Я выгреб на улицу и, уже не торопясь, потому что здорово устал, направил лодку вдоль по улице, мимо садов.
Туман клубился над водой. Он густел, становился белее, и с каждой минутой все заметней светало.
Внезапно вынырнул из тумана, чуть было не наскочив на нас, еще один бронетранспортер, на борту которого белели большие, почти метровые цифры: 353 (на нашем был номер 351).
Триста пятьдесят третий был тоже нагружен разным домашним добром. Там даже стояло пианино, а на нем сидела… Гребенючка. Заметив нас, она встрепенулась и, кажется, хотела что-то крикнуть, но не успела – бронетранспортер уже проплыл. Я взглянул на Павлушу. Он смотрел вслед машине растерянно, и в глазах его было отчаяние и какая-то досада. Такими глазами смотришь вслед поезду, на который ты опоздал.
И вдруг я понял. Он же наверняка спешил к ней: хотел спасать, специально лодку раздобыл. Может, мечтал вынести ее на руках из затопленной хаты. Влюбленные во всем мире мечтают об этом. И была ведь такая возможность, была. А из-за меня ничего у него не вышло. Опоздал. Из-за меня. Вот если бы не спасал меня, может, и успел бы. А так – опоздал…
И я почувствовал, что должен сейчас что-то сделать.
– Слушай, – сказал я, – а давай завернем туда. Там, наверно, еще что-нибудь нужно забрать. Точно.
И, не дожидаясь согласия, я повернул лодку туда, откуда только что выплыл триста пятьдесят третий, – к хате Гребенюков. Она была новая и большая – в прошлом году поставили. Не хата, а настоящий дом – просторный, с островерхой крышей, под черепицей, с широкими трехстворчатыми окнами, с узорчатой застекленной верандой. И потому, что он был на высоком фундаменте, залило его только наполовину. Окна были растворены настежь, и внутрь можно было заехать прямо на лодке. Я так и сделал.
– Пригнись, – сказал я Павлуше и сам присел, направляя лодку прямо в окно.
Было так чудно – заплывать на лодке в хату! Никогда мне еще не приходилось этого делать.
Павлуша, который сидел впереди, хоть и пригнулся, зацепил нечаянно головой за люстру, и стеклянные подвески мелодично зазвенели, словно приветствуя наше появление.

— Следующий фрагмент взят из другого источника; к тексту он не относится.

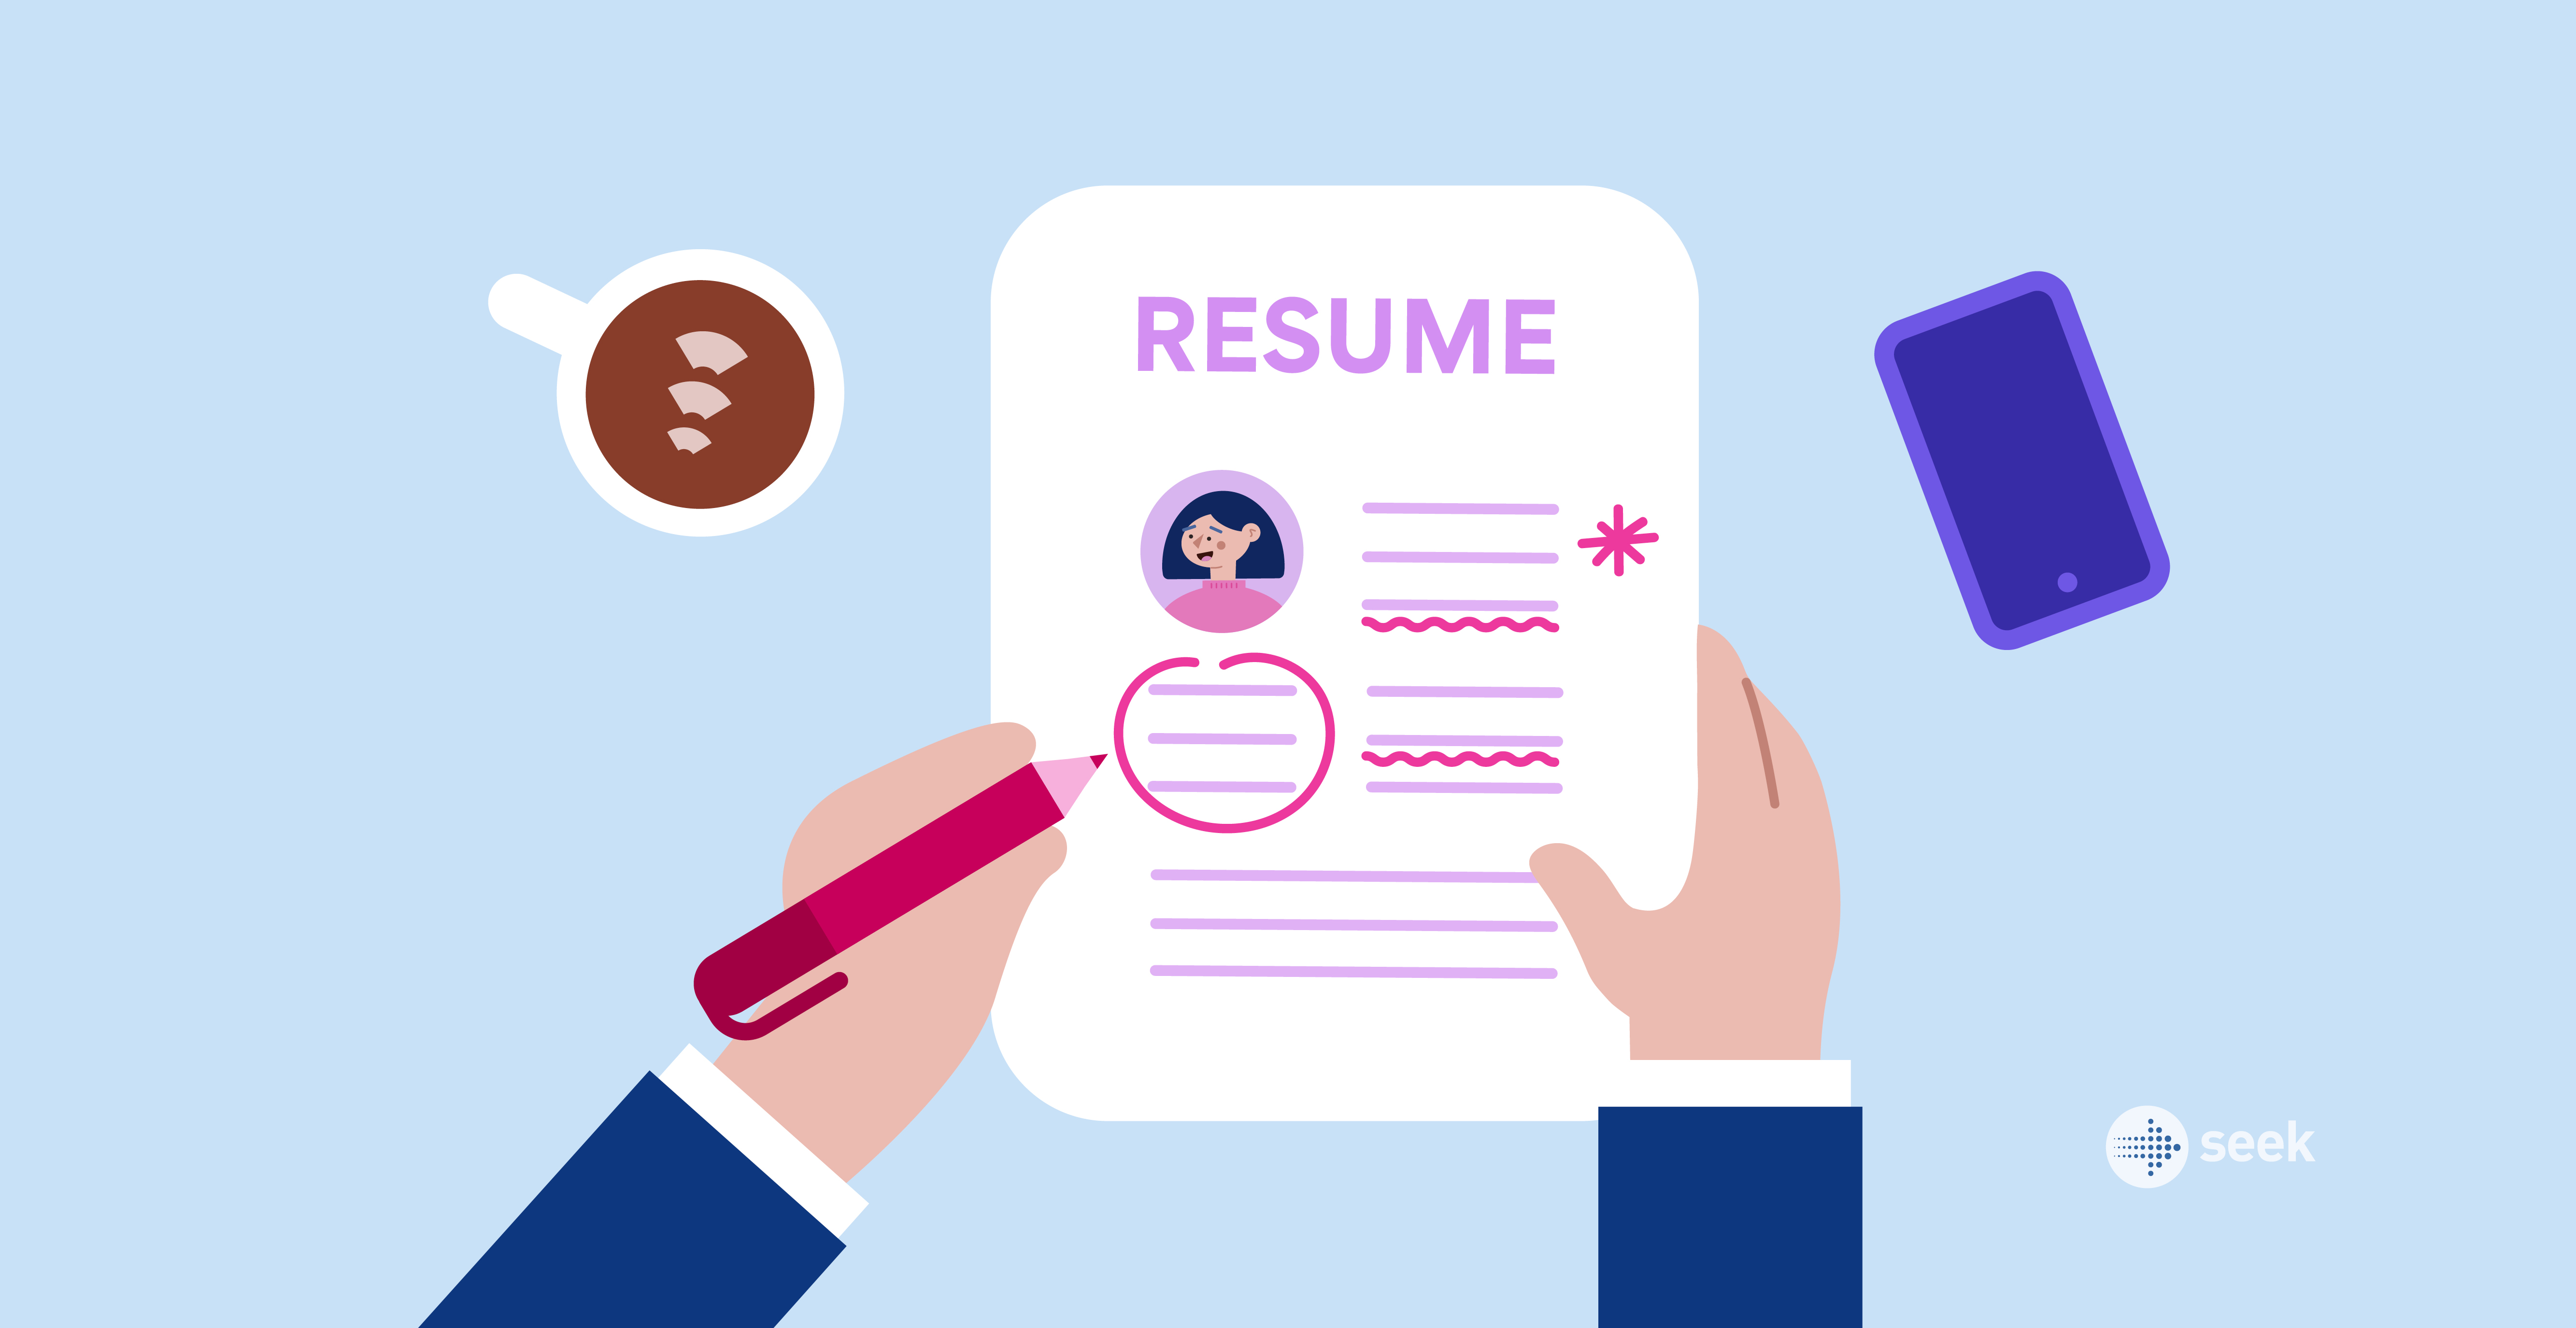 What are professional resumé writing services?

В хате почти ничего не осталось. Только большой буфет с пустыми полками отсвечивал в воде зеркалами да посреди комнаты плавал вверх ножками сломанный стул.
Сам Гребенюк был очень энергичный, да к тому же у него, кроме Ганьки, было двое взрослых сыновей. И, конечно, они смогли сделать все по первому классу: вытащили вещи сперва на чердак, а потом погрузили в машину. И теперь я подумал, что Павлуше, честно говоря, не на что было рассчитывать. Никто бы не дал ему выносить Гребенючку на руках из хаты. Разве что только бы лодкой воспользовались (если б солдат не было). Да и всю основную работу по спасению делали бы отец и братья, а мой Павлуша в крайнем случае подавал бы вещи с чердака в лодку. А то и вообще могли бы отправить его домой на этой вот надувной лодочке, чтоб не вертелся под ногами и не мешал. Вот ведь что… Но я, конечно, ничего этого Павлуше не сказал и не скажу никогда. Пускай тешится мыслью, что он вынес бы ее на руках и она обняла бы его, и поцеловала при всех, и сказала бы какие-то такие слова, какие только в мальчишеских мечтах говорит девчонка мальчишке… Пусть тешится…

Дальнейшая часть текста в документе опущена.